*** Study material ***

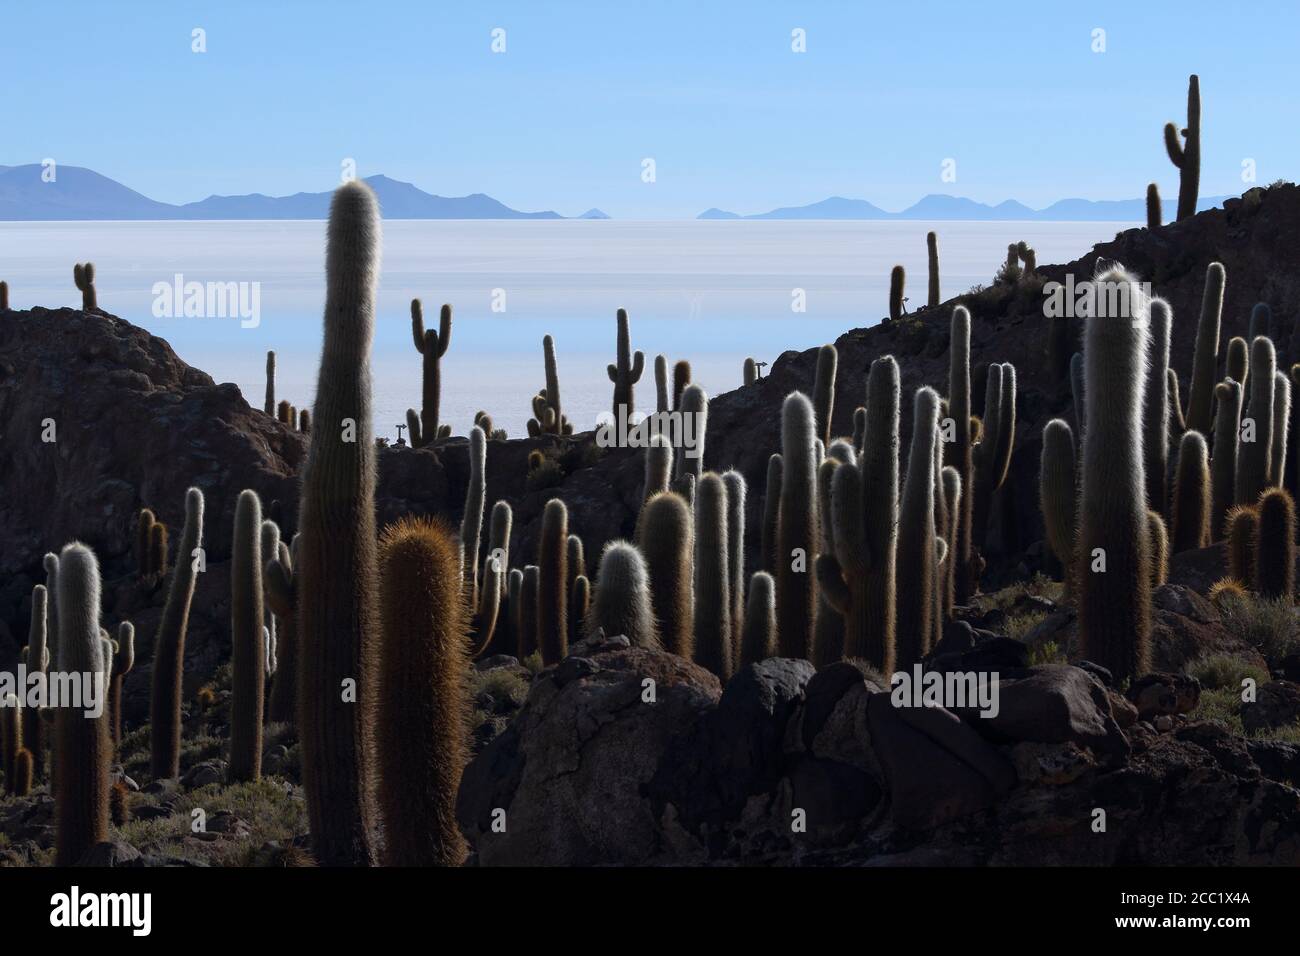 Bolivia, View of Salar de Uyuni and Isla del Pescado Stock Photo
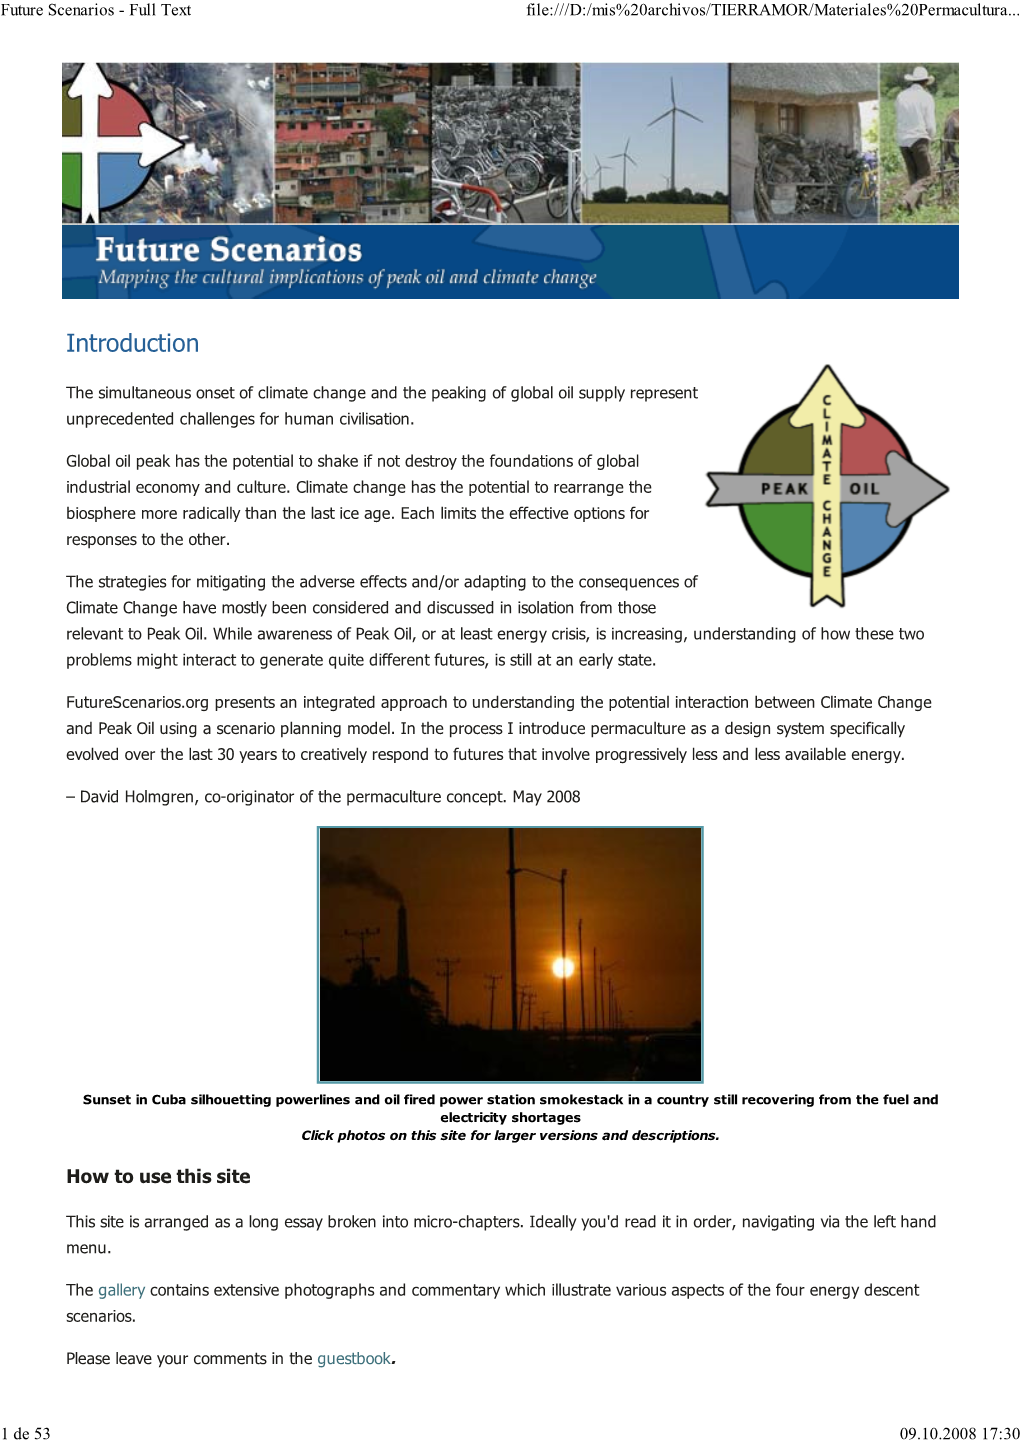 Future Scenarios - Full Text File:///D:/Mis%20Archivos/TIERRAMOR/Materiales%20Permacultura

***
*** Study material ***

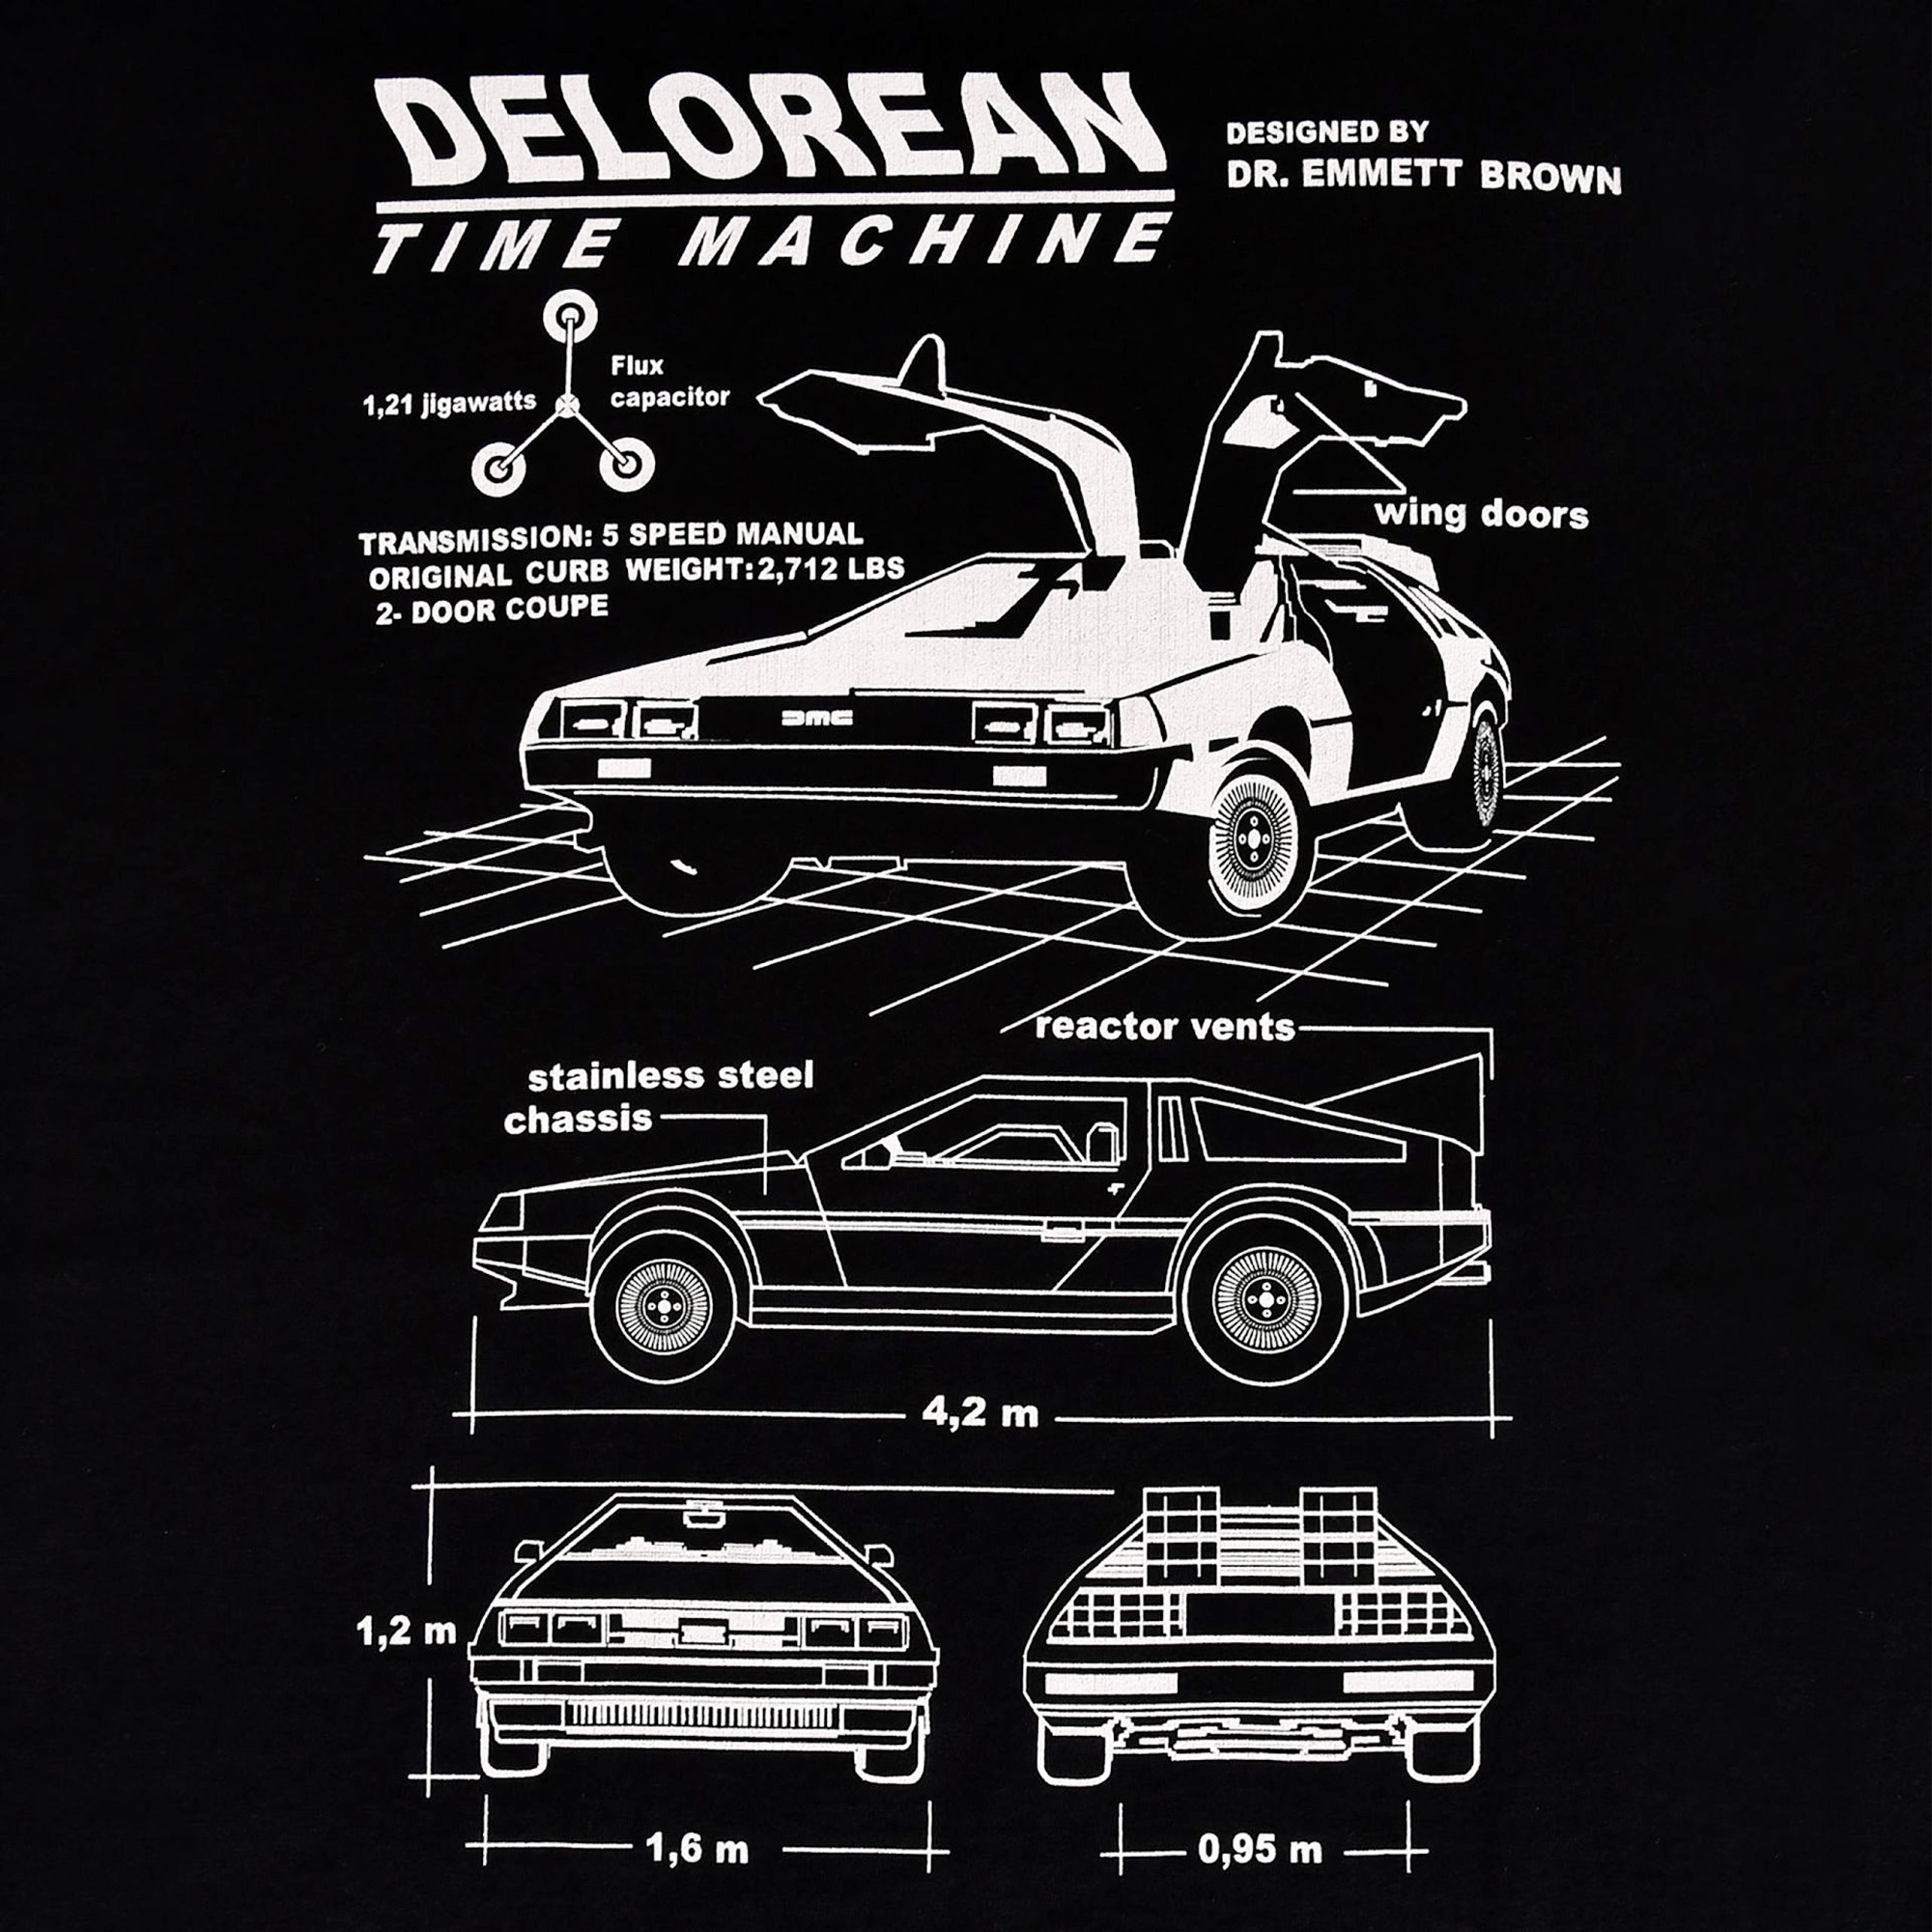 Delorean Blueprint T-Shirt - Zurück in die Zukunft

***
*** Study material ***

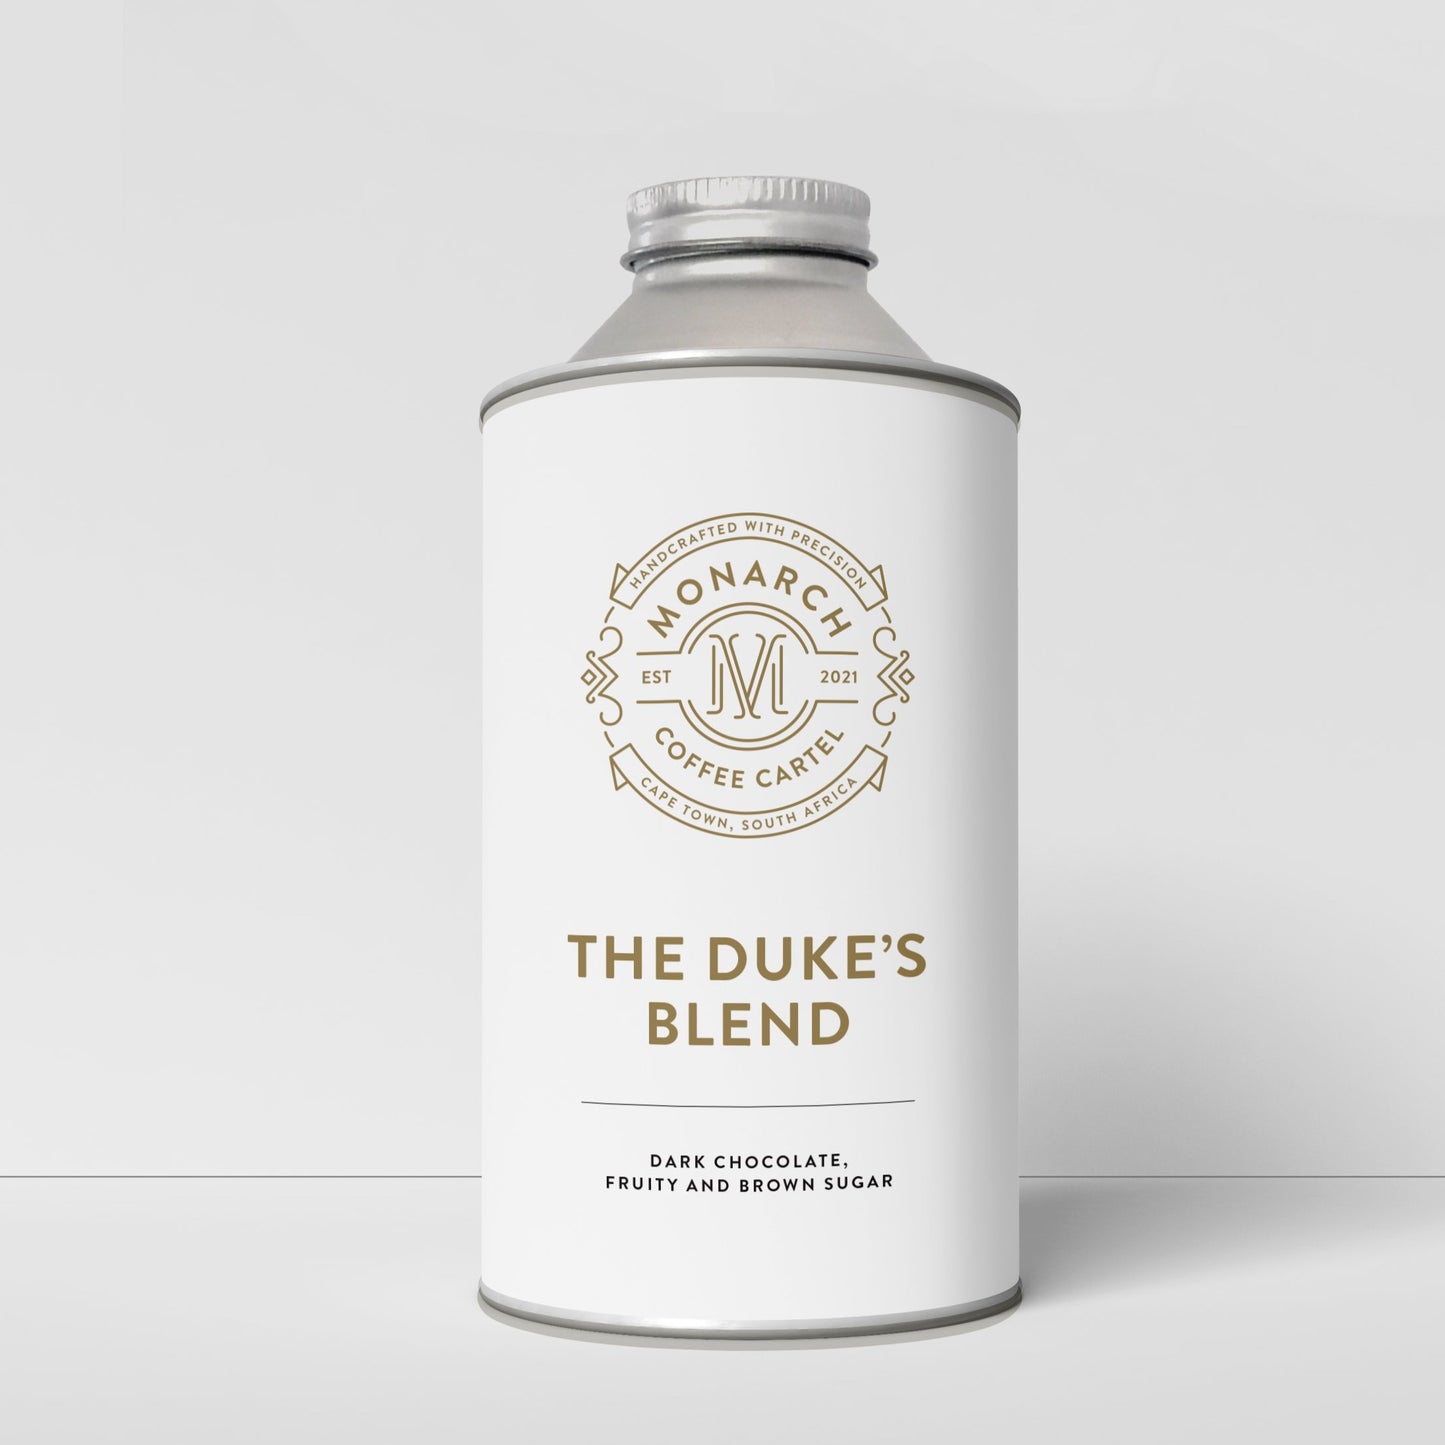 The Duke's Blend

***

Take the material above from the line bearing "Bolivia, View of" through the line bearing "Future Scenarios - Full" and write it out exactly, both end lines included. Pictures stay out.

 Bolivia, View of Salar de Uyuni and Isla del Pescado Stock Photo
 Future Scenarios - Full Text File:///D:/Mis%20Archivos/TIERRAMOR/Materiales%20Permacultura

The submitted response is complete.